1986
The Isaac Walton League on the outskirts of town was situated in a small valley on the Iowa landscape. Part of the Oregon Trail passed through the land and could still be seen where thousands of wagons had left ruts in the soil. The valley was small, maybe three hundred yards long and very steep on both sides. Hundreds of years ago Native Americans drove buffalo into the valley. The animals would charge down one side, then due to their weight be unable to use their velocity to propel themselves up the opposite embankment, allowing the Indians to shoot them from above.
When I was a freshman in high school, my science class went on a field trip to see the ruts left on the Oregon Trail and the archaeological dig the state university maintained for its students in the valley.
Had the land cooperated, the whole area would have been tilled under for farmland, but any tractor would have tipped over on the slope of the valley and it was far too large to be filled in.
To the South, the valley opened and flattened onto the plain of the South Skunk river basin. The hills on this end of the valley were too shallow to slow down the buffalo. There were no arrowheads, no stone knives lost while taking hides to be tanned for blankets or tee pees.
The land had no archaeological value, and the farmers had passed it over as well. In Iowa, a hill is too much hassle to deal with. Even disking the soil, a way of breaking the prairie with less erosion than tilling, leaves a bald fallow mound after a couple of years. This apologetic dip in the land made for a perfect shooting range.

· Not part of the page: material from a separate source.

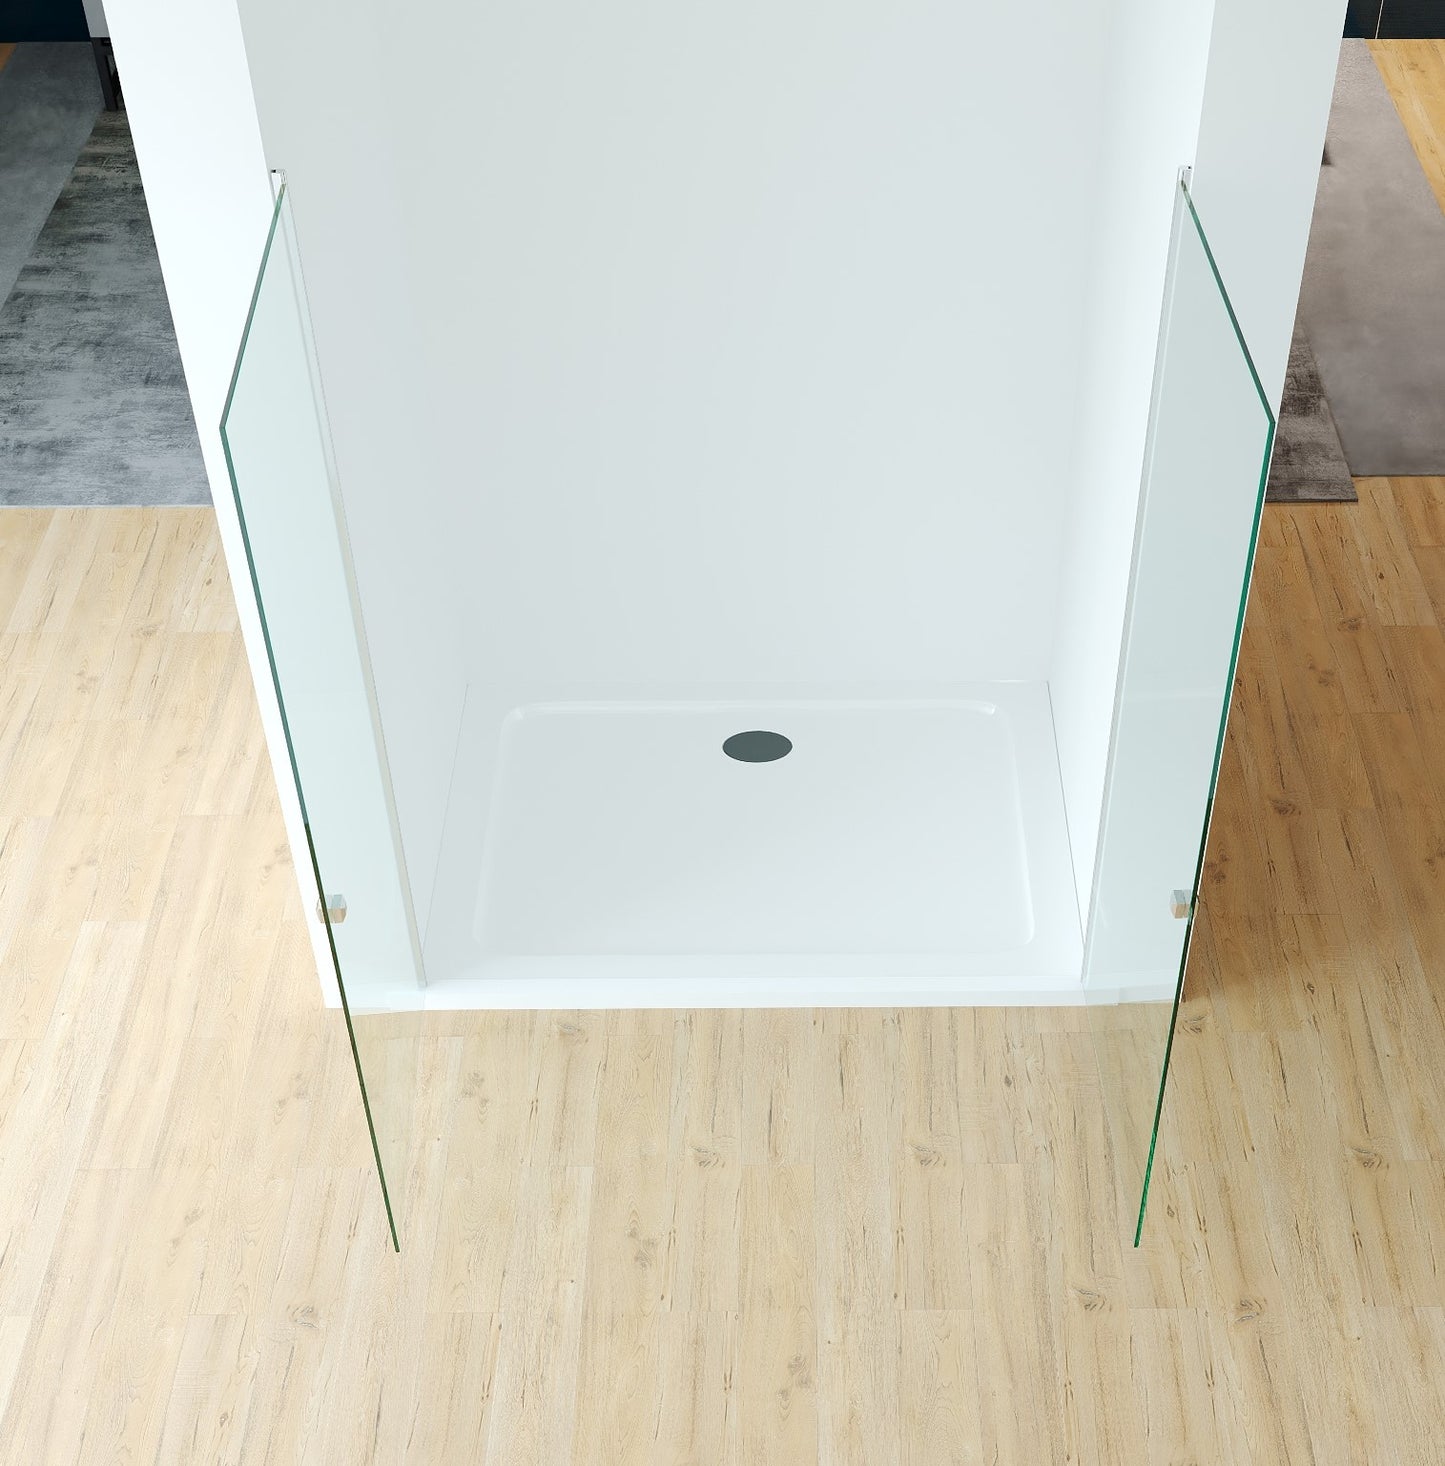 GlasHomeCenter - niche cabin Texas (185 x 195 cm) - 8mm toughened safety glass - without shower tray

On weekends my mother would take me out to shoot. She would sit on a bench in the shade and read books by John Michael Talbot and other Christian writers - histories of the Benedictines and books on faith, prayer and leading a religious life. Mom didn’t have the same aversion to guns that my dad had, and after the divorce, allowing me to maintain and shoot the rifle was one way of letting go of the marriage.
I would take a few paper targets, pin them to the wooden frames twenty-five yards out, load seven rounds into my clip, and slide the bolt into place. I would align the sights and steady my body for the shot.
Very quickly, I learned that shooting targets has nothing in common with the fast action shooting on TV. Shooting targets is meditative, calm and internally quiet. Shooting targets is about breath. Shooting targets is about patience. Shooting targets is about you, the shooter.